- Directed by: Duncan McRae
- Written by: Edward Bulwer-Lytton (play) Eliot Stannard
- Starring: Henry Ainley Faith Bevan James Lindsay Olaf Hytten
- Production company: Ideal Film Company
- Distributed by: Ideal Film Company
- Release date: 1921;
- Country: United Kingdom
- Language: English

= Money (1921 film) =

1921 film

Money is a 1921 British silent comedy film directed by Duncan McRae and starring Henry Ainley, Faith Bevan and Margot Drake. It is an adaptation of the 1840 comic play Money by Edward Bulwer-Lytton.

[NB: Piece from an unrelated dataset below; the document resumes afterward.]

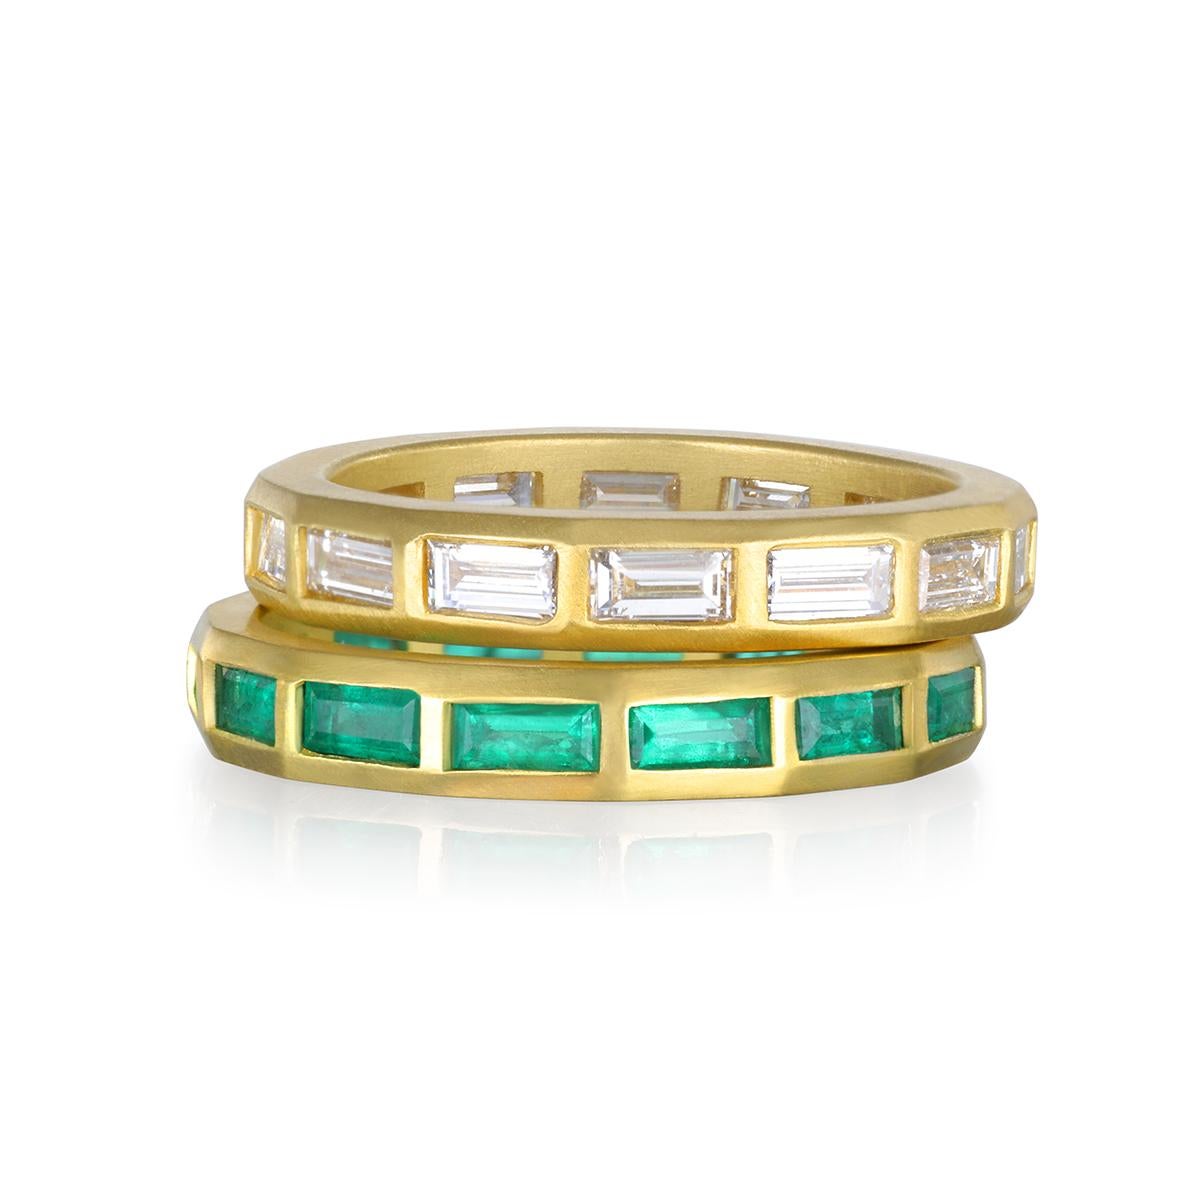 Le bracelet éternel en or 18 carats Baguette d'émeraude de Faye Kim est une version propre, fraîche et moderne du bracelet éternel en diamant. Il est parfait pour être empilé avec d'autres bagues et permet de nombreuses façons de le porter et de

The film had 5 reels.

==Cast==
- Henry Ainley as Alfred Evelyn
- Faith Bevan as Georgina Vesey
- Margot Drake as Clare Douglas
- Sam Wilkinson as Sir Frederick Blount
- James Lindsay as Captain Smooth
- Olaf Hytten as Henry Graves
- Sidney Paxton as Sir John Vesey
- Ethel Newman as Lady Franklyn
- Adelaide Grace as Nanny

== Reception ==
The film was described as "an instance of the triumph over difficulties and [...] an evidence of the power that a good cast has to lift a production from a low level."